Далее канон все более ослабляется, зато набирает силу парадигма, которая утверждается в Петровскую эпоху в виде исторических сюжетов, призванных обслуживать “самоосмысление государственности”. Парадигма будет царствовать долго, даже Золотой век русской поэзии отчасти захвачен ею, но чем дальше, тем больше на авансцену истории выдвигается частный человек, и наступает эпоха слова. В это время, как пишет автор, “слово и непосредственное бытие оказались как бы „визави” по отношению друг к другу, они стали двумя реальностями, составляющими и пару, и оппозицию”. Почти столетие русское слово боролось с русской реальностью, страстно желая ее преобразовать, но, увы, потерпело поражение. Преобразовали русскую действительность не писатели, а совсем другие исторические персонажи, после чего культура стала медленно, но верно скатываться к одному уровню — уровню непосредственного бытия. На этом пути были попытки возродить предыдущие стадии, в частности утвердить советский лжеканон, но это были всего лишь имитации.
Понятно, что вышеизложенное — в какой-то степени схема, простительная только в рамках рецензии. На самом деле картина выглядит сложнее, и эту сложность каждый вправе постичь самостоятельно, в процессе чтения книги. Мы же отметим, что одно из достоинств такого подхода заключается в том, что автор дает возможность взглянуть на знакомые, в принципе, факты российской истории и порожденные ими литературные тексты с иной, необычной стороны и структурировать все это в своем сознании. Вроде бы знаешь и это, и то, что-то читал, над чем-то размышлял, однако целостной картины не возникало, так, разрозненная мозаика. В лучшем случае ты довольствовался некими дежурными доктринами, которым доверял с оговорками. А тут вдруг все начинает складываться в единую картину: тексты, личности, события связываются между собой нитями смыслов, и перед глазами проявляется грандиозное полотно, на котором в единой композиции запечатлены и автор “Повести временных лет”, и Владимир Сорокин. Первое со вторым, казалось бы, не вяжется, но если взглянуть с предлагаемой стороны — разнесенные на тысячу лет тексты предстают звеньями одной цепи, и когда потянешь за первое звено, обязательно звякнет и последнее.

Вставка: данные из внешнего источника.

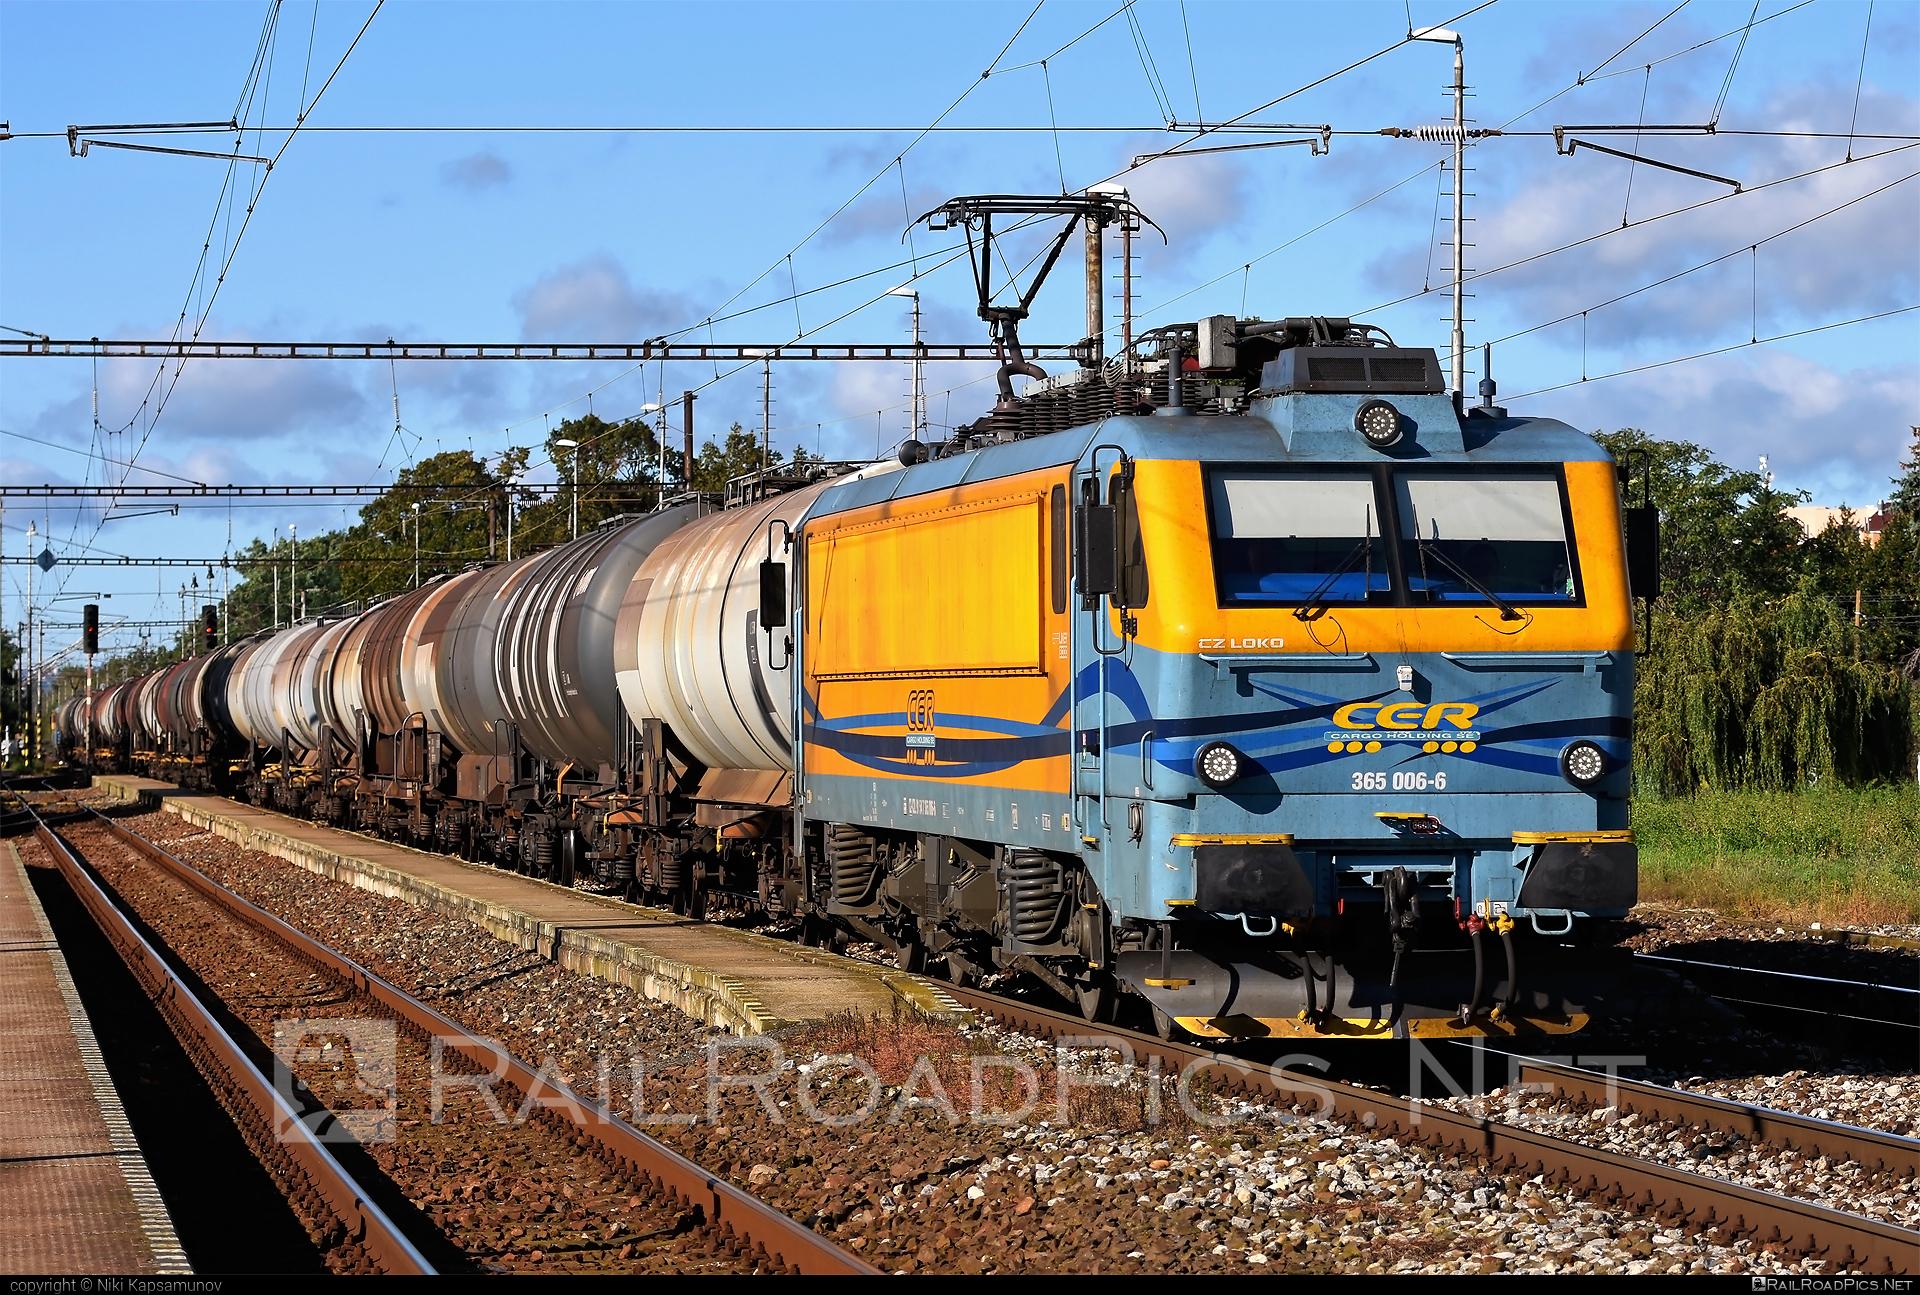 CZ LOKO EffiLiner 3000 - 365 006-6 operated by CER Slovakia a.s. #belgicanka #cer #cersk #cerslovakia #cerslovakiaas #czloko #czlokoas #effiliner #effiliner3000 #kesselwagen #sncb12 #sncbclass12 #tankwagon

Такую возможность авторскому зрению обеспечил метод, о котором говорилось выше. Конечно, структуризация такого обширнейшего собрания текстов, как русская словесность за тысячу лет, возможна с разных точек зрения. И методика может быть разной, в частности можно идти от смены стилей, можно — еще от чего-то, и картина, если исследователь не лукав и проявляет добросовестность, выстроится вполне убедительная. Только картина эта будет не особенно глубока, в ней будет отсутствовать что-то важное, связывающее все пласты российской истории, литературы, да и культуры в целом. В данном случае найденный способ трактовки “метаморфоз” отечественной литературы предполагает как раз глубину и обнаруживает неочевидные, но, бесспорно, существующие связи между далекими вроде бы историческими эпизодами, артефактами и т. д.
Важно ли это? Думается, важно. Интерес книги если не для широкого читателя, то хотя бы для любого культурно ангажированного человека как раз и заключается в новом отношении к известным текстам и фактам истории. Безусловно, ценность этой книги для научного сообщества тоже высока, но, коль скоро она выходит в известном и даже модном издательстве, книга должна “работать” и в среде непрофессионалов. А для непрофессионала, живущего в разодранном на мелкие осколки мире, эта литературоцентричная метаистория крайне существенна. Целостность подхода позволяет собрать крохи и осколки знаний, броуновским образом петляющие в мозгах современного человека, в некий род стройности.
Предложенный метод, что вполне естественно, автоматически предполагает междисциплинарный характер этой работы. Во время чтения нередко ловишь себя на том, что автор удаляется от анализа собственно текстов очень далеко, и перед тобой уже не филологический труд, а, к примеру, историческое исследование или культурологический трактат. Как пишет автор предисловия В. М. Маркович: “То, что составляет содержание ее книги, в целом представляет собой нечто большее, чем литературоведение. Культурологическое исследование иногда приобретает антропологический смысл, а порой прямо переходит в философствование. Но литературоведению точно найдено место в этом междисциплинарном пространстве. Литературоведение берет свое прежде всего в моменты прямого обращения к отдельным художественным текстам. В такие моменты анализ возвращает исследование в дисциплинарные границы, потому что в такие моменты он имеет дело с художественной целостностью и должен соответствовать ее природе”.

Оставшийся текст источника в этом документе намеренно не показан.